When page is get touched again by new container it is NOT
charged to new container, but keeps holding the old one
till it (the page) is completely freed. Nobody worried the
fact that a single page can hold container for good.

OpenVZ beancounters work the other way (and we proposed this
solution when we first sent the patches). We keep track of
*all* the containers (i.e. beancounters) holding this page.

>>> We can also get from the vma to the mm very easily, via vma->vm_mm,
>>> right?
>>>
>>> We can also get from a task to the container quite easily.  
>>>
>>> So, the only question becomes whether there is a 1:1 relationship
>>> between mm_structs and containers.  Does each mm_struct belong to one
>> No. The question is "how to get a container that touched the
>> page first" which is the same as "how to find mm_struct which
>> touched the page first". Obviously there's no answer on this
>> question unless we hold some direct page->container reference.
>> This may be a hash, a direct on-page pointer, or mirrored
>> array of pointers.
> 
> Or, you keep track of when the last user from the container goes away,
> and you effectively account it to another one.

We can migrate page to another user but we decided
to implement it later after accepting simple accounting.

> Are there problems with shifting ownership around like this?
> 
> -- Dave
> 
> 

-
To unsubscribe from this list: send the line "unsubscribe linux-kernel" in
the body of a message to [EMAIL PROTECTED]
More majordomo info at  http://vger.kernel.org/majordomo-info.html
Please read the FAQ at  http://www.tux.org/lkml/


Re: [RFC][PATCH 3/7] Data structures changes for RSS accounting

2007-03-12 Thread Dave Hansen
On Mon, 2007-03-12 at 20:19 +0300, Pavel Emelianov wrote:
> Dave Hansen wrote:
> > On Mon, 2007-03-12 at 19:16 +0300, Kirill Korotaev wrote:
> >> now VE2 maps the same page.
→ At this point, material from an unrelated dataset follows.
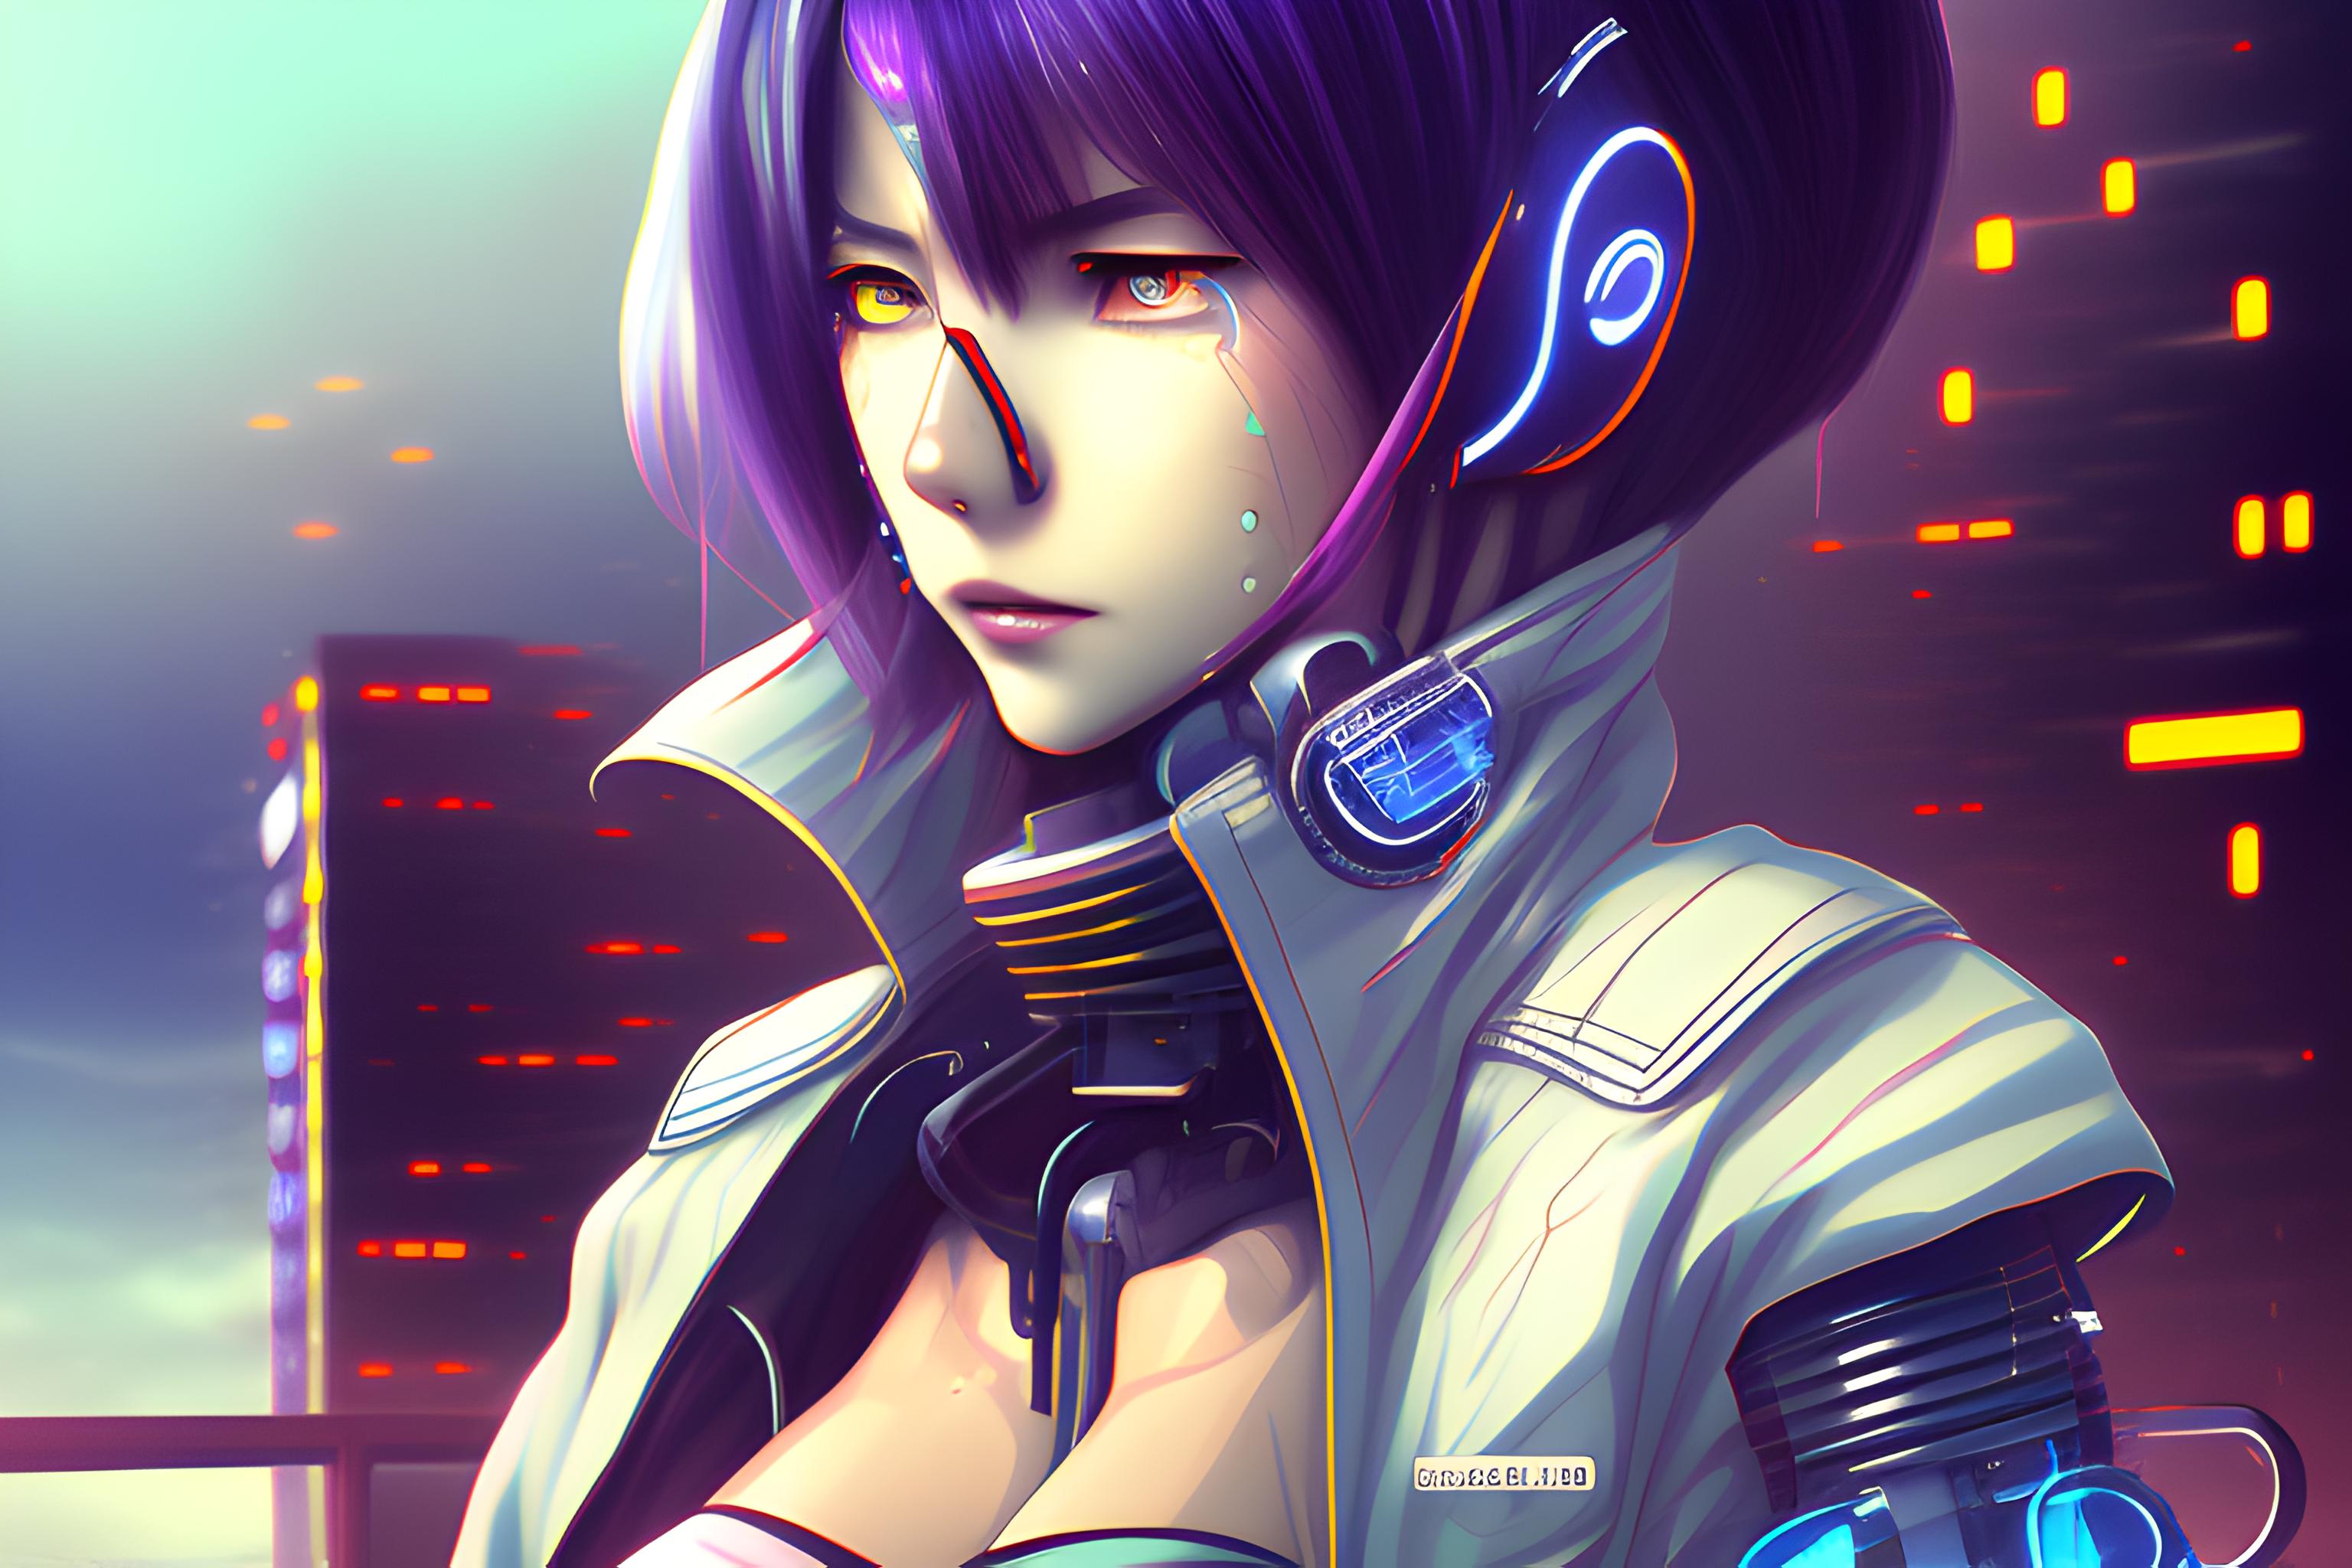 anime key visual of futuristic cyber warrior girl, on | Stable Diffusion

You can't determine whether this page is mapped
> >> to this container or another one w/o page->container pointer. 
> > 
> > Hi Kirill,
> > 
> > I thought we can always get from the page to the VMA.  rmap provides
> > this to us via page->mapping and the 'struct address_space' or anon_vma.
> > Do we agree on that?
> 
> Not completely. When page is unmapped from the *very last*
> user its *first* toucher may already be dead. So we'll never
> find out who it was.

OK, but  this is assuming that we didn't *un*account for the page when
the last user of the "owning" container stopped using the page.
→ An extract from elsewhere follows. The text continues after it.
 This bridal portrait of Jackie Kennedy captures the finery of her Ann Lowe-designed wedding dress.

> > We can also get from the vma to the mm very easily, via vma->vm_mm,
> > right?
> > 
> > We can also get from a task to the container quite easily.  
> > 
> > So, the only question becomes whether there is a 1:1 relationship
> > between mm_structs and containers.  Does each mm_struct belong to one
> 
> No. The question is "how to get a container that touched the
> page first" which is the same as "how to find mm_struct which
> touched the page first". Obviously there's no answer on this
> question unless we hold some direct page->container reference.
> This may be a hash, a direct on-page pointer, or mirrored
> array of pointers.

Or, you keep track of when the last user from the container goes away,
and you effectively account it to another one.
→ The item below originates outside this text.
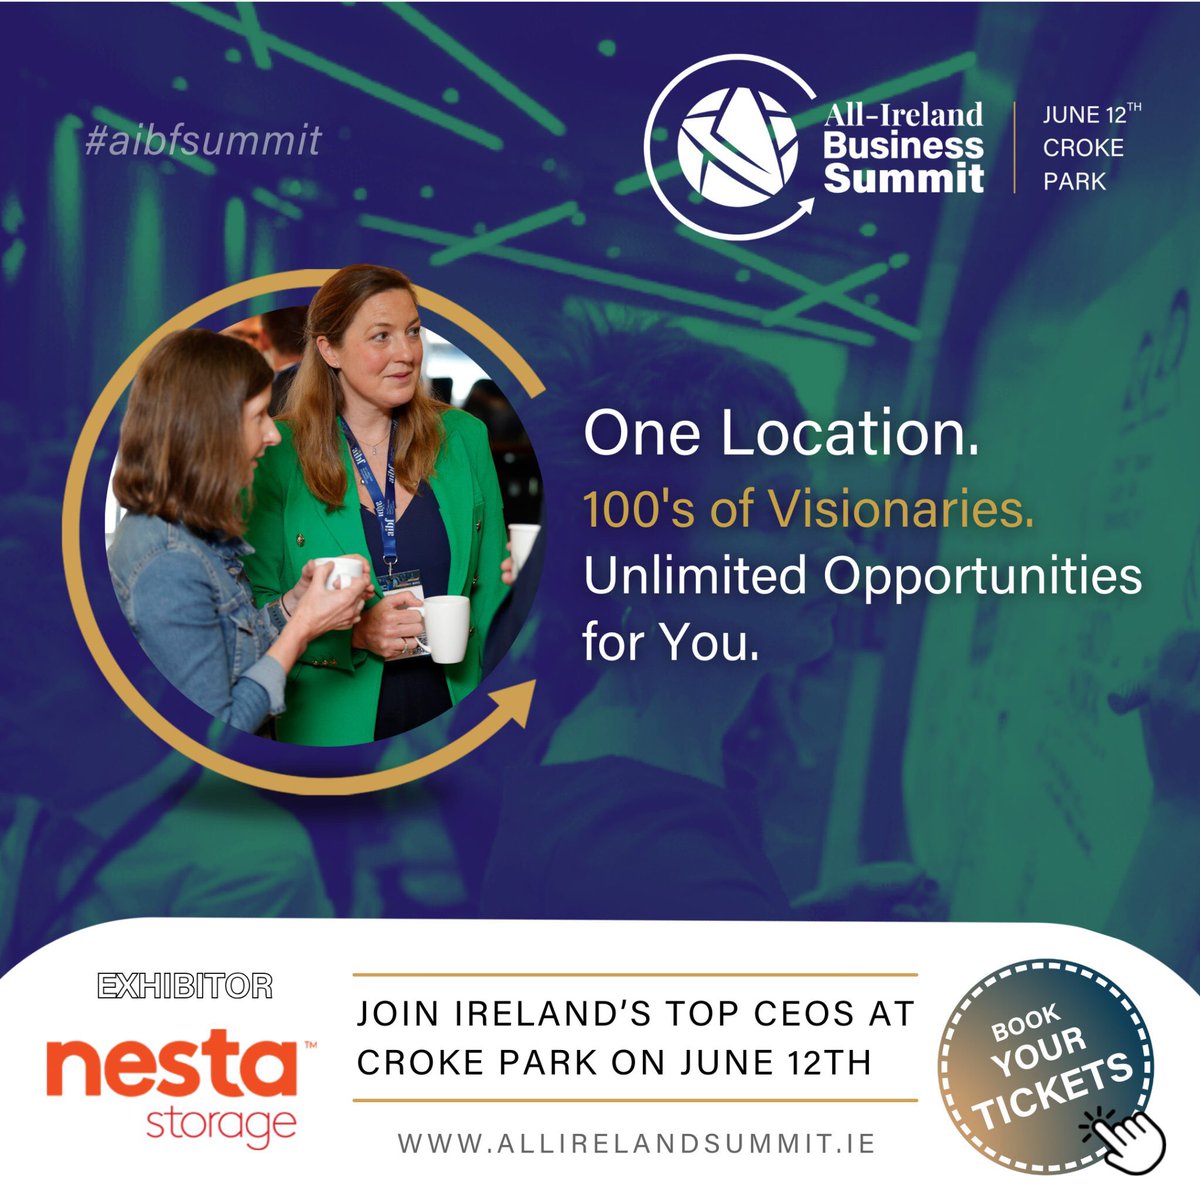 🎉 We are thrilled to have Nesta exhibiting with us at the All-Ireland Business Summit 2024! NESTA is a family-run indigenous business that was established in 1989 and is the largest and oldest self-storage provider in Ireland, and is part of the Kefron Group. #AIBFSummit

Are there problems with shifting ownership around like this?

-- Dave

-
To unsubscribe from this list: send the line "unsubscribe linux-kernel" in
the body of a message to [EMAIL PROTECTED]
More majordomo info at  http://vger.kernel.org/majordomo-info.html
Please read the FAQ at  http://www.tux.org/lkml/


Re: [RFC][PATCH 3/7] Data structures changes for RSS accounting

2007-03-12 Thread Balbir Singh

On 3/12/07, Dave Hansen <[EMAIL PROTECTED]> wrote:

On Mon, 2007-03-12 at 19:16 +0300, Kirill Korotaev wrote:
> now VE2 maps the same page. You can't determine whether this page is mapped
> to this container or another one w/o page->container pointer.

Hi Kirill,

I thought we can always get from the page to the VMA.  rmap provides
this to us via page->mapping and the 'struct address_space' or anon_vma.
Do we agree on that?

We can also get from the vma to the mm very easily, via vma->vm_mm,
right?

We can also get from a task to the container quite easily.

So, the only question becomes whether there is a 1:1 relationship
between mm_structs and containers.  Does each mm_struct belong to one
and only one container?  Basically, can a threaded process have
different threads in different containers?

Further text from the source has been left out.